Source material:
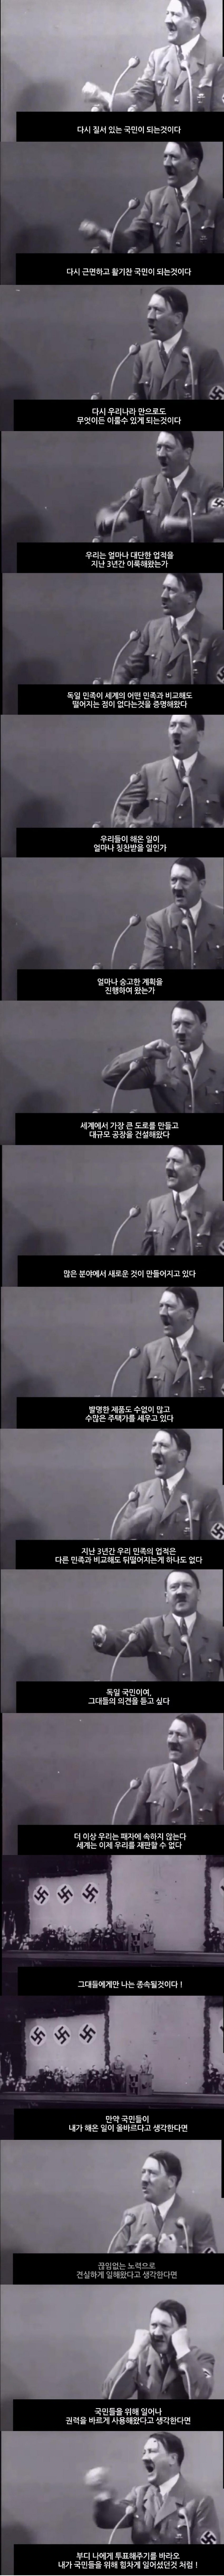 1935년 아돌프 히틀러의 연설 수준.jpg
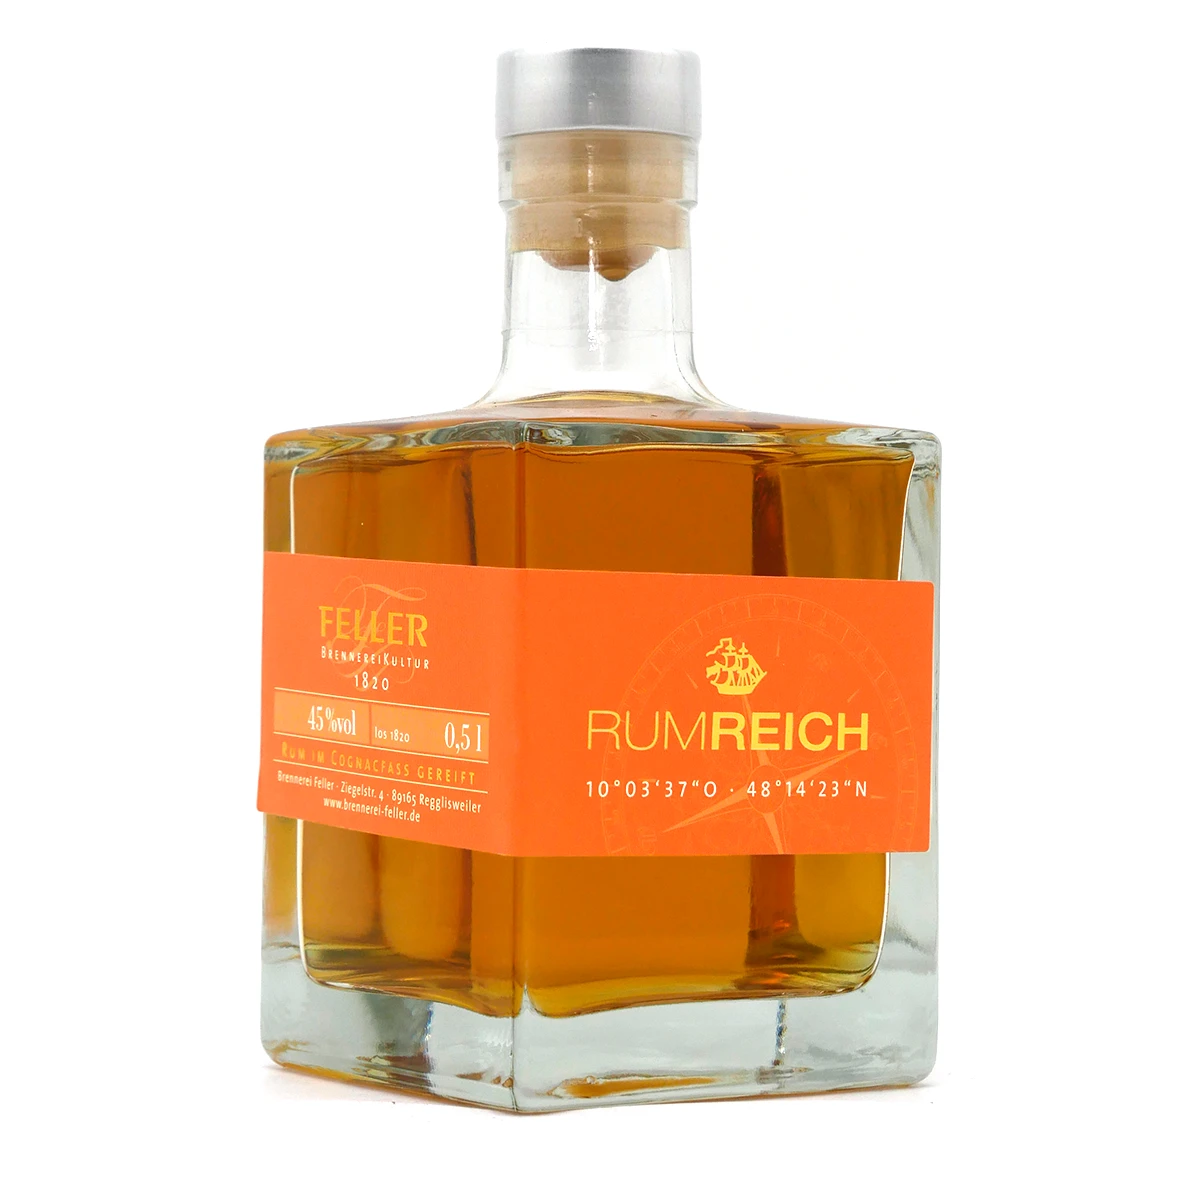 RUMREICH Cognac Cask | Feller
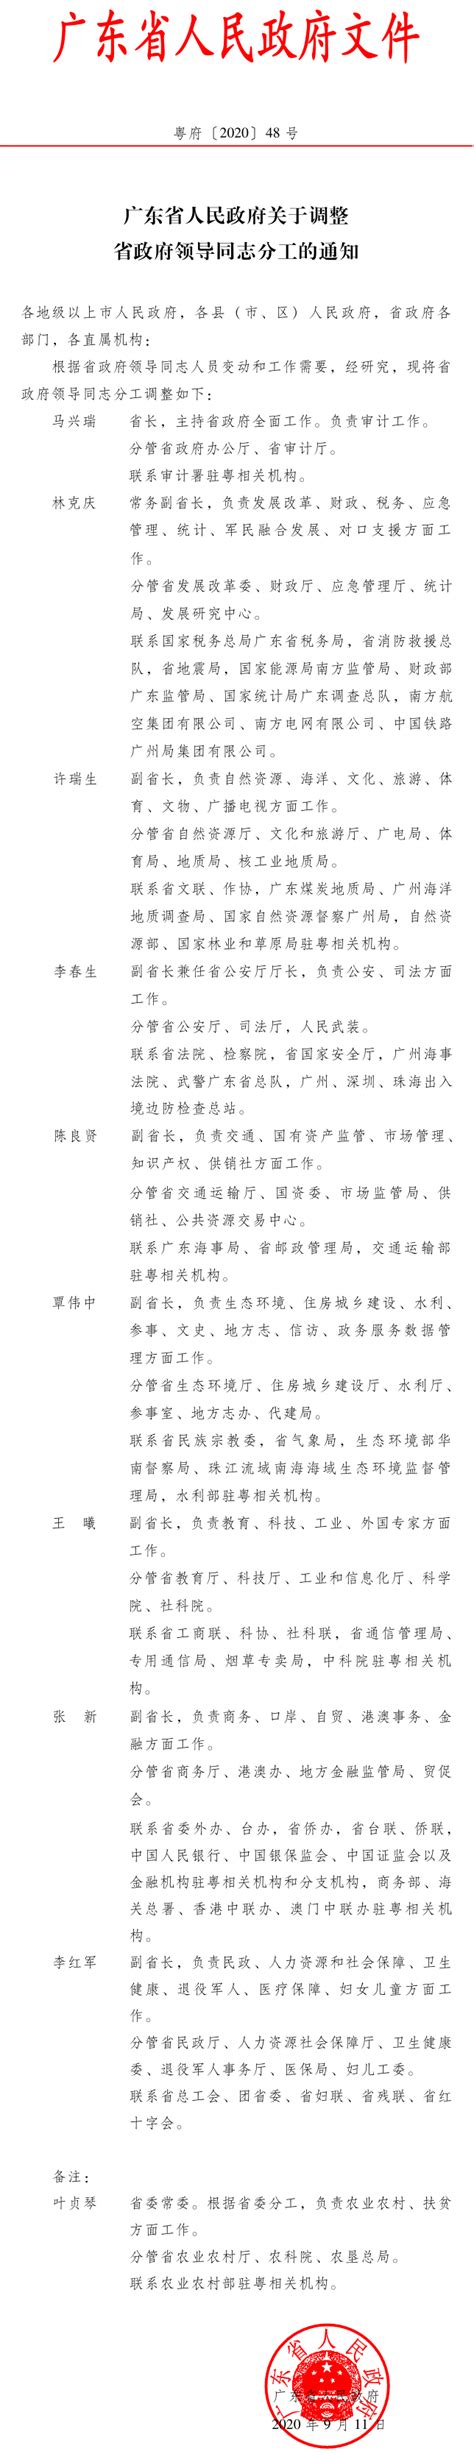 广东省人民政府关于调整省政府领导同志分工的通知 广东省人民政府门户网站

Work task:
The answer must be the data above, repeated exactly, with no pictures.

Written reply:
 1935년 아돌프 히틀러의 연설 수준.jpg
 RUMREICH Cognac Cask | Feller
 广东省人民政府关于调整省政府领导同志分工的通知 广东省人民政府门户网站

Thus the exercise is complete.